Philippine Supreme Court Jurisprudence


Philippine Supreme Court Jurisprudence > Year 1947 > January 1947 Decisions > G.R. No. L-920 January 27, 1947 - CHING JUAT v. BONIFACIO YSIP

077 Phil 851:




PHILIPPINE SUPREME COURT DECISIONS

EN BANC

[G.R. No. L-920. January 27, 1947.]

CHING JUAT, Petitioner, v. BONIFACIO YSIP, Judge of First Instance of Bulacan, Respondent.

Montesa, Monsod & Manikan and Vicente J. Francisco,for petitioner.

Marcelino N. Sayo, for respondents Maria Ching (alias) Avelina Ching) and Co Heong.

No appearance, for respondent judge.

SYLLABUS


1. CRIMINAL PROCEDURE; APPEAL, RIGHT OF MINOR TO; EFFECT OF APPEAL ON JUDGMENT OF CONVICTION. — A minor found guilty, in the lower court, of a criminal offense is not deprived, because of the fact of his minority, of the right to appeal. The decision or judgment finding him guilty and ordering his commitment to a correctional or educational institution is stayed because the appeal suspends its effects.

2. ID.; ID.; BAIL, RIGHT TO BE RELEASED ON; SUSPENSION OF ORDER OF COMMITMENT. — When a minor appeals from a judgment finding him guilty of a criminal offense, he is generally entitled, as all other accused, to be allowed provisional release on bail. The order to commit him to the custody of a correctional or education al institution should not be enforced in the meantime.
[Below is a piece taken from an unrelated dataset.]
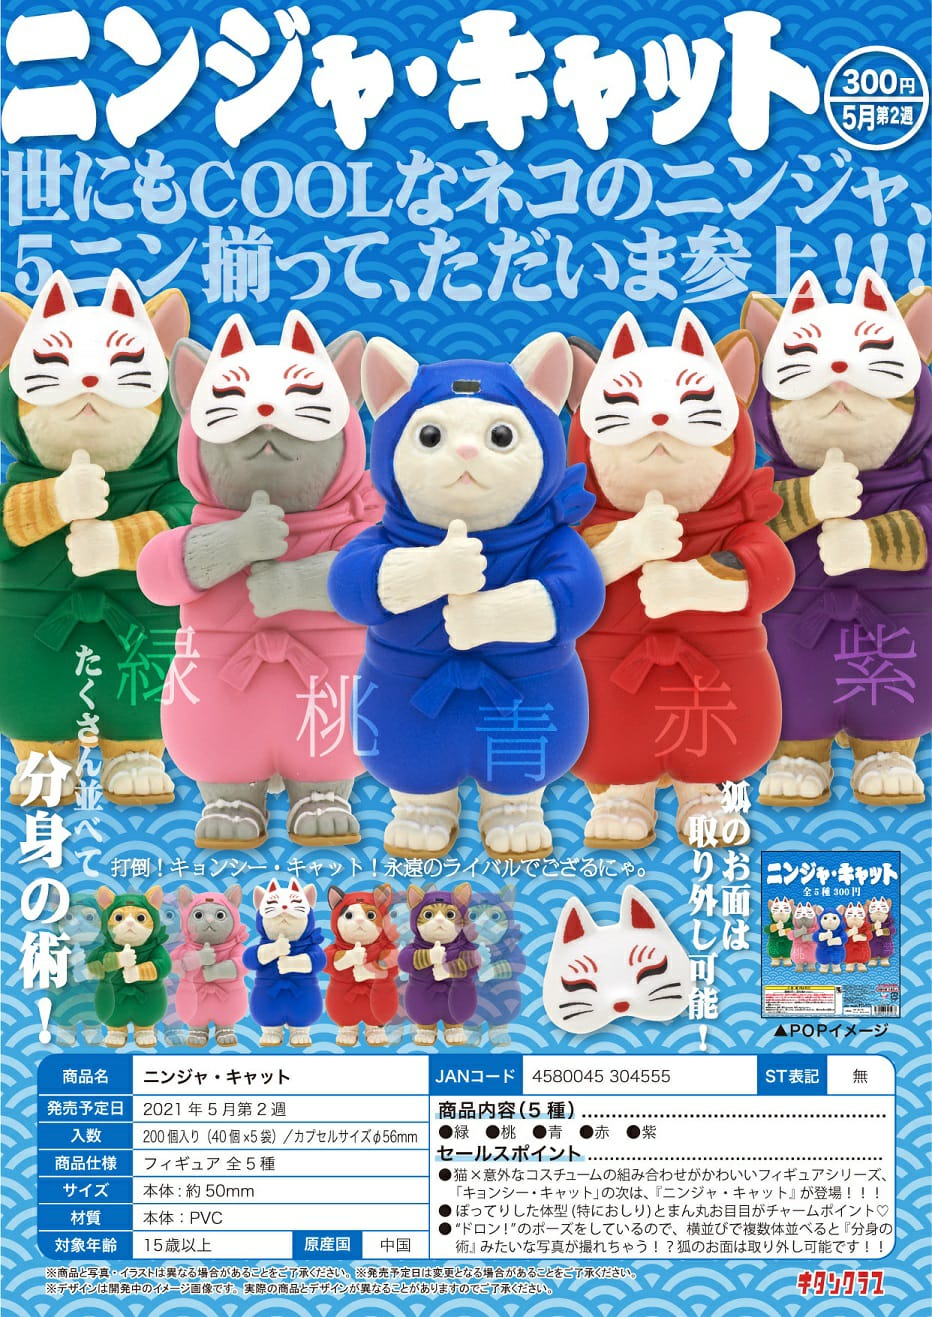 Kitan Club Ninja Cat Capsule Gashapon Toy Complete Figures set of 5

3. PARENT AND CHILD; MINOR; EMANCIPATION BY MARRIAGE. — By the marriage of a minor daughter, the latter becomes emancipated from her parents’ custody, her marriage having the effect of transferring her to her husband’s care and protection.


D E C I S I O N


PERFECTO, J.:


Maria Ching was found guilty by the respondent judge of illegal marriage, as punished by article 350 of the Revised Penal Code, for marrying Co Heong on June 21, 1946, because at the time of her marriage she was only 16 years old, that is, lacking the required age to marry. Due to her minority, sentence against her was suspended and her commitment to the Welfareville Correctional Institution at Mandaluyon, Rizal, was ordered.

Having appealed in due time, she was allowed to be released on bail upon posting a bond in the sum of P1,000 in an order issued by respondent on August 27, 1946. Petitioner impugns the validity of the order because by the minor’s release on bail, she was taken by her husband and co-accused Co Heong, who was able to have and to hold her, and petitioner was illegally deprived of his patria protestas as father of the minor.

Petitioner’s complaint has no ground in law. A minor fund guilty, in the lower court, of a criminal offense is not deprived, because of the fact of his minority, of the right to appeal. The decision or judgment finding him guilty and ordering his commitment to a correctional or educational institution as provided by article 80 of the Revised Penal Code, is stayed and is unenforceable until it becomes final and executory. Appeal suspends its effects. This is logical, because appeal may result in reversal. When a minor appeals from a judgment finding him guilty of a criminal offense, he is generally entitled, as all other accused, to allowed provisional release on bail. The order to commit him to the custody of a correctional or educational institution should not be enforced in the meantime, because the order of commitment provided by article 80 of the Revised Penal Code becomes only executory when the decision or judgment upon which it is based becomes final and executory. There is no reason why a minor should be excluded from the benefits of constitutional and legal provisions on bail. A minor is entitled to more protection from the law, never to less.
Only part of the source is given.